RECORDS PROVIDED >>
________________________

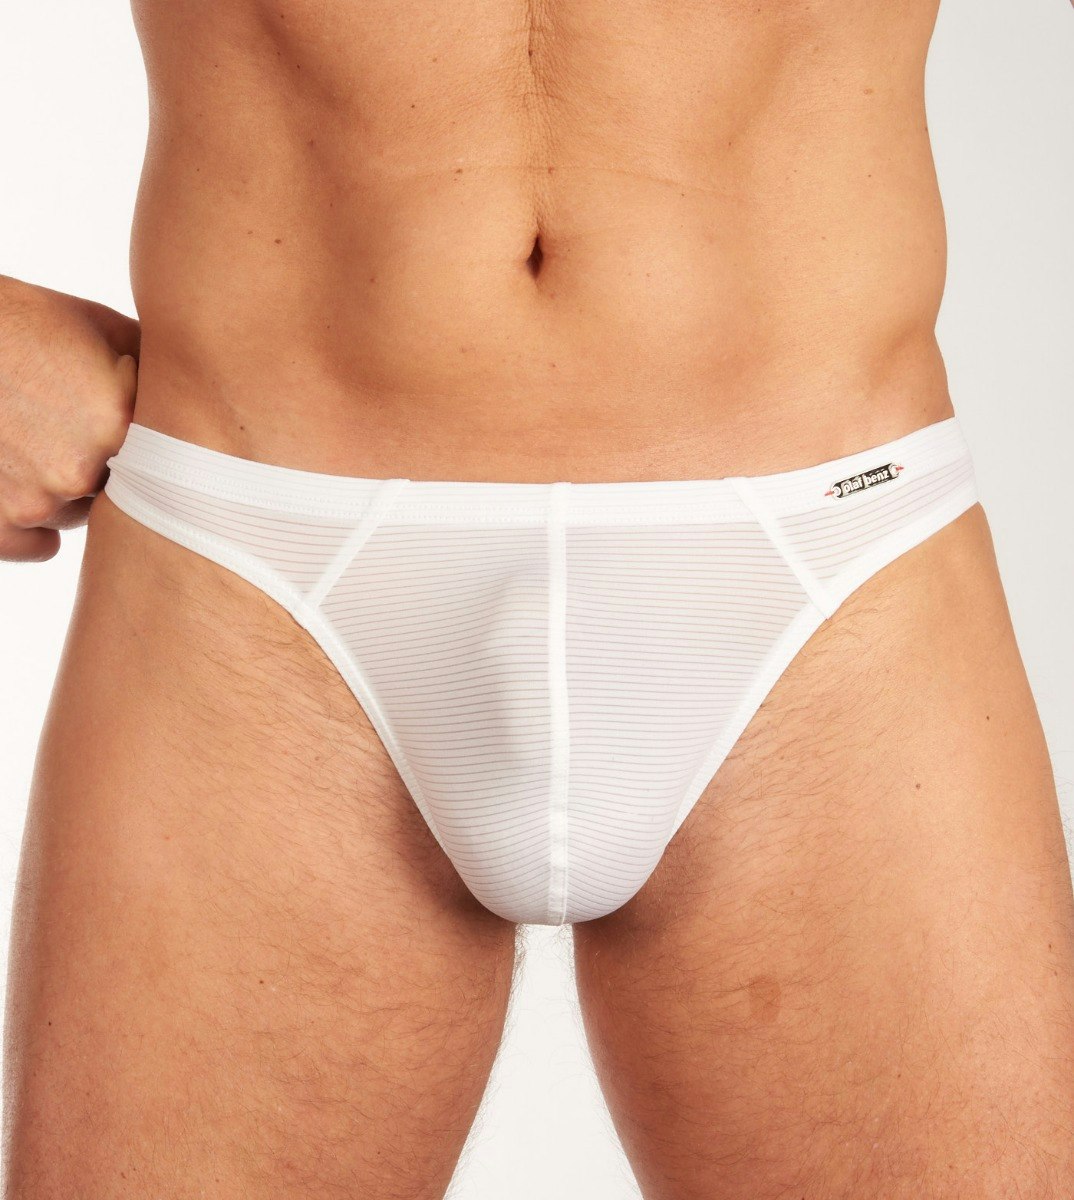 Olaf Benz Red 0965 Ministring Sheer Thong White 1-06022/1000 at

________________________

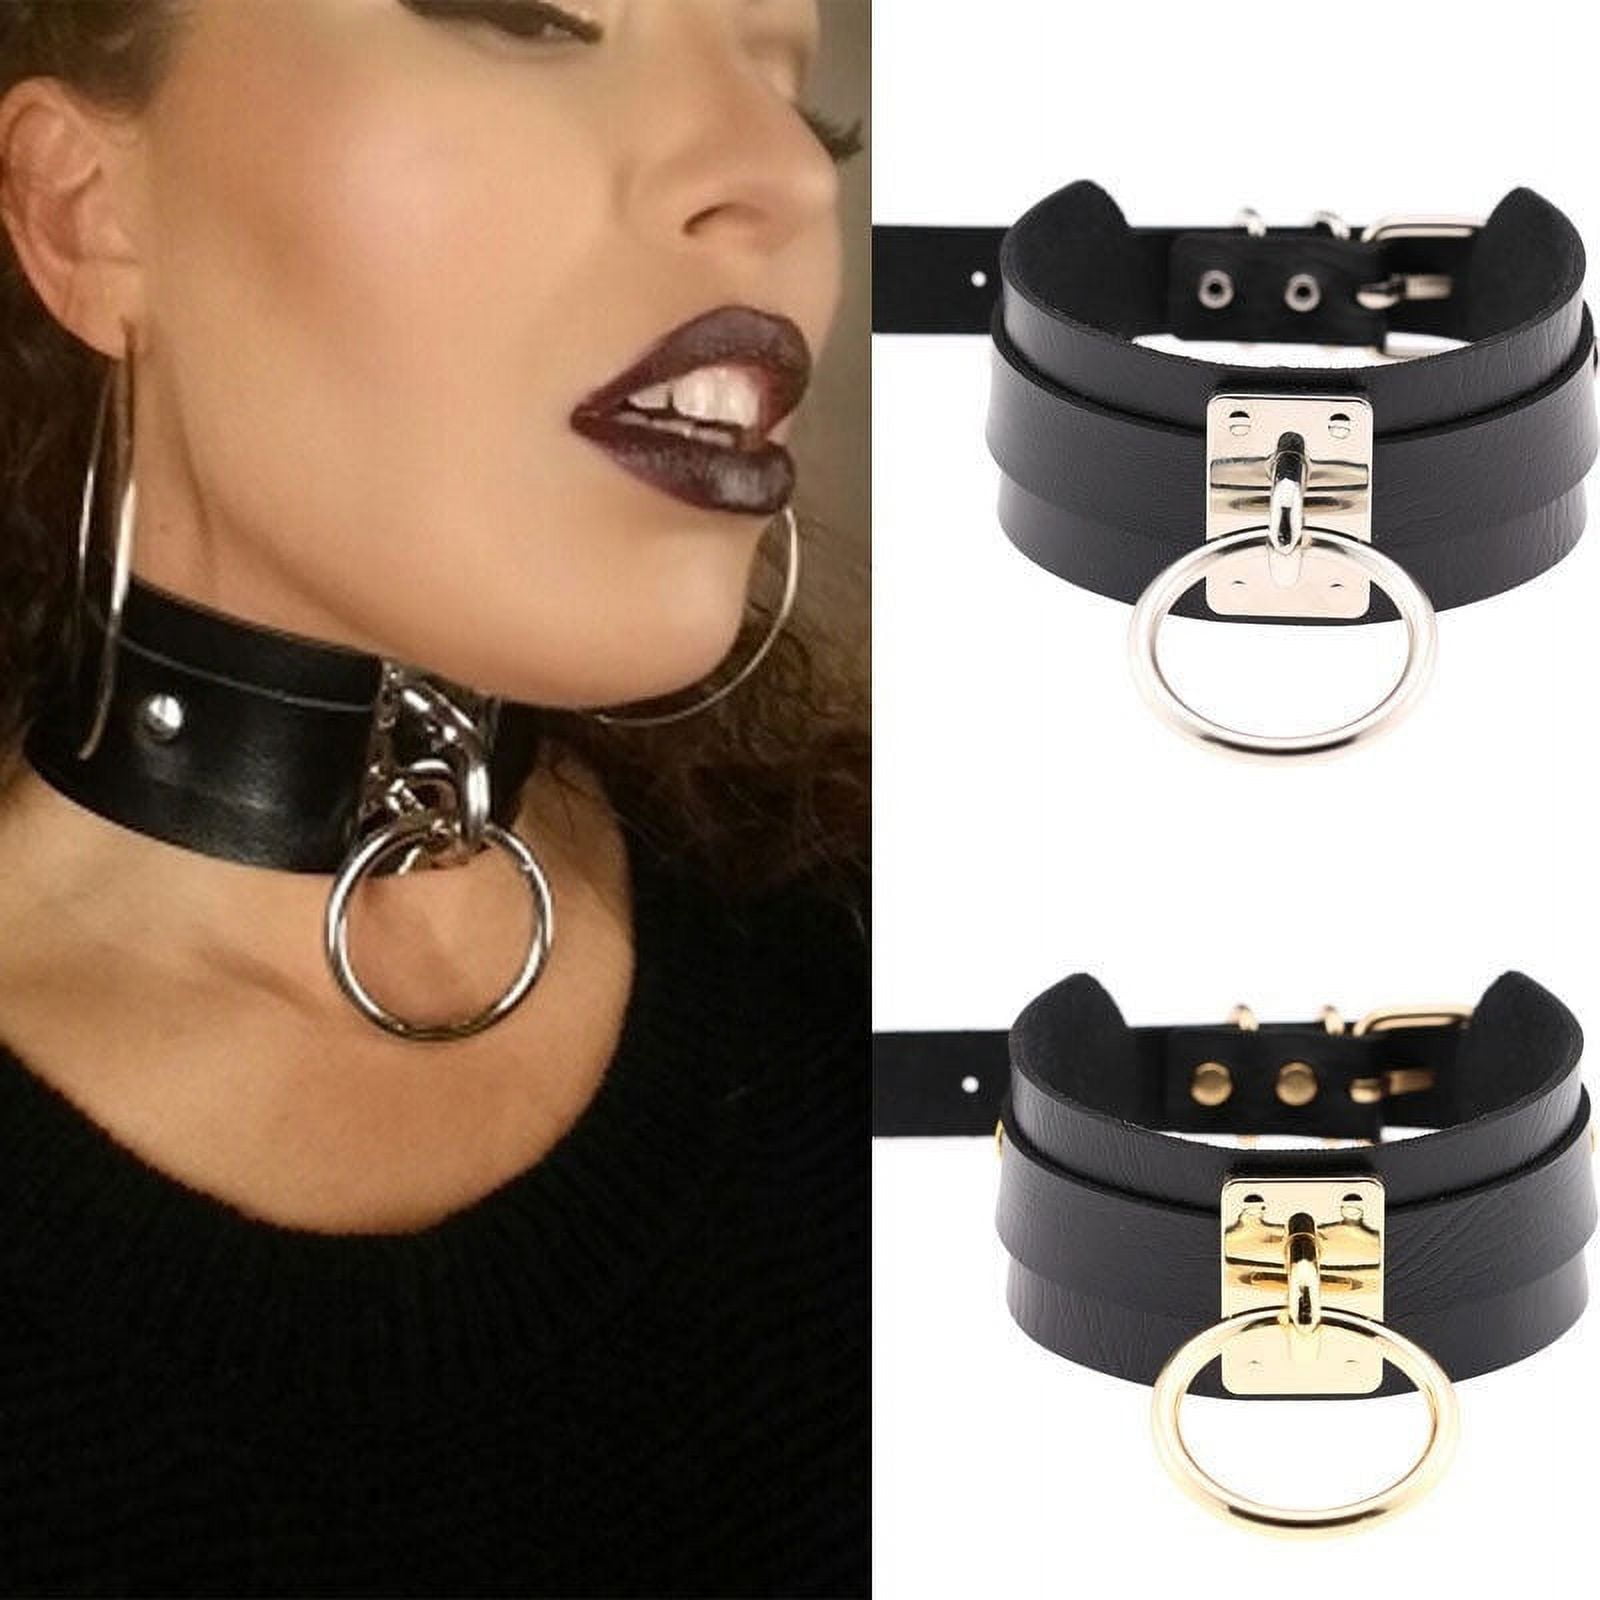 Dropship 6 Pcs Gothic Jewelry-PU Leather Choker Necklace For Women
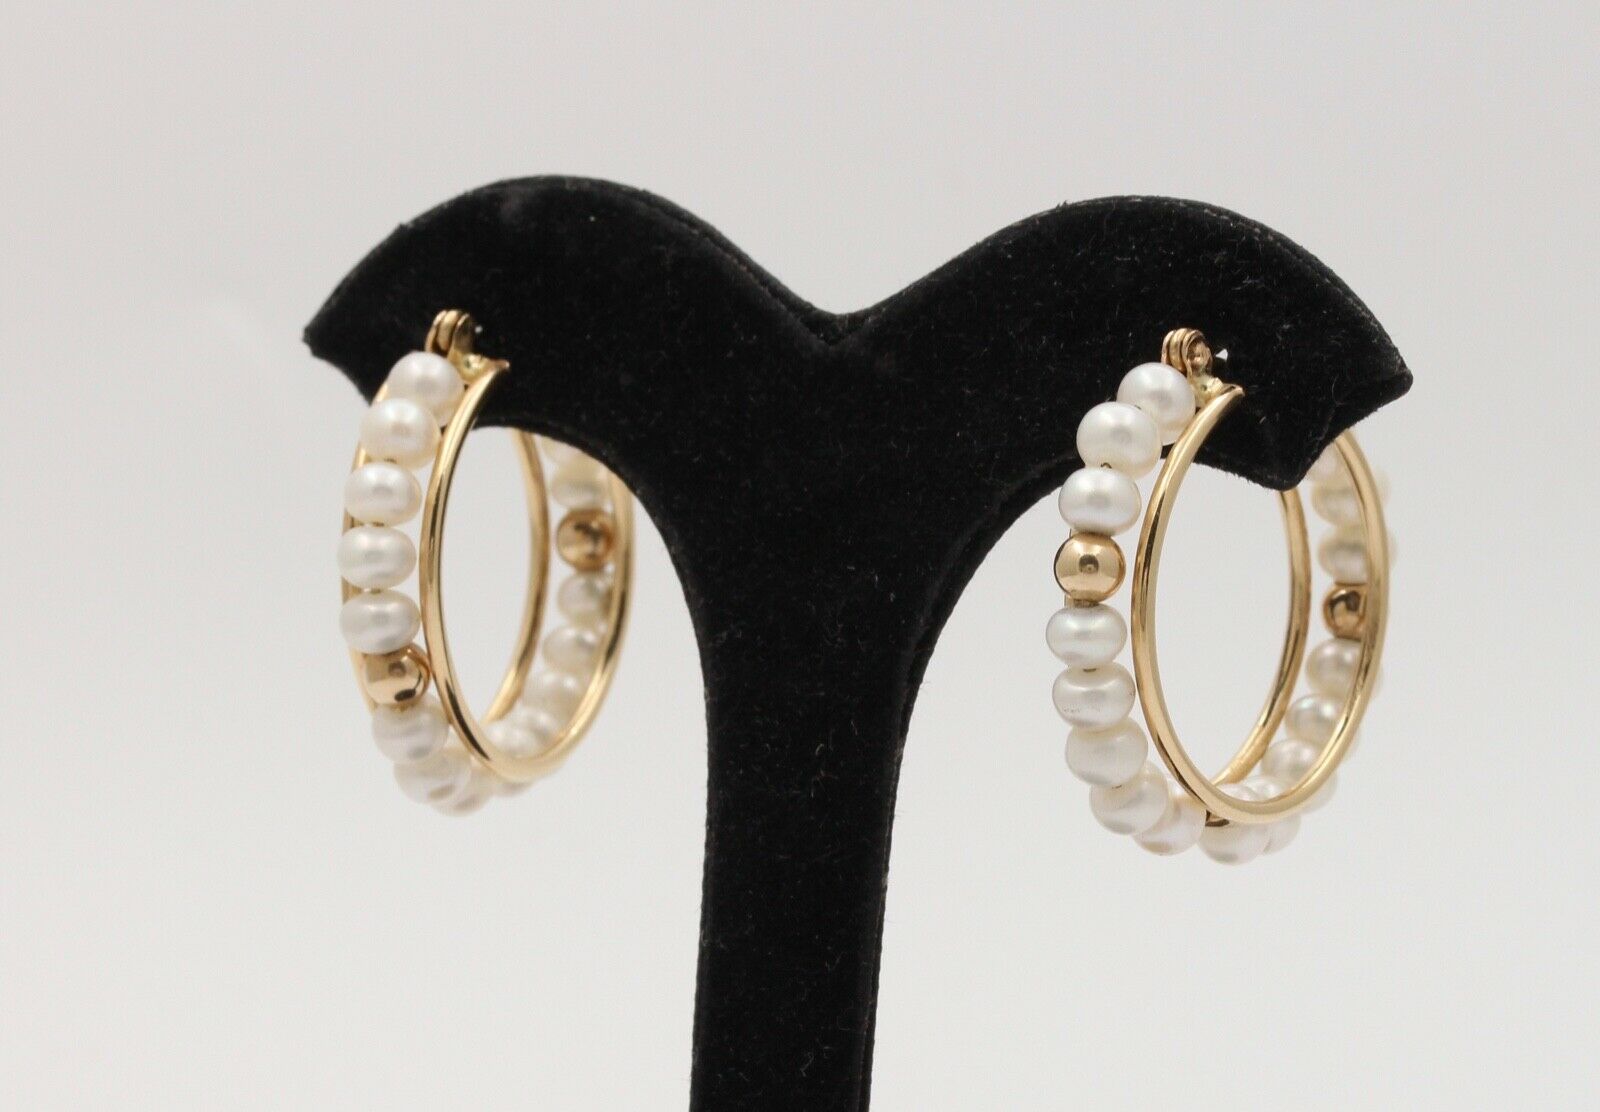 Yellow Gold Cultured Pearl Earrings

________________________

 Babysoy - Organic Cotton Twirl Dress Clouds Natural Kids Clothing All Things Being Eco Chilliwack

________________________

WHAT TO WORK ON >>
"Dropship 6 Pcs" marks the first line to copy, and "Yellow Gold Cultured Pearl Earrings" marks the last. Repeat that stretch above exactly, with no pictures.

SOLUTION >>
 Dropship 6 Pcs Gothic Jewelry-PU Leather Choker Necklace For Women
 Yellow Gold Cultured Pearl Earrings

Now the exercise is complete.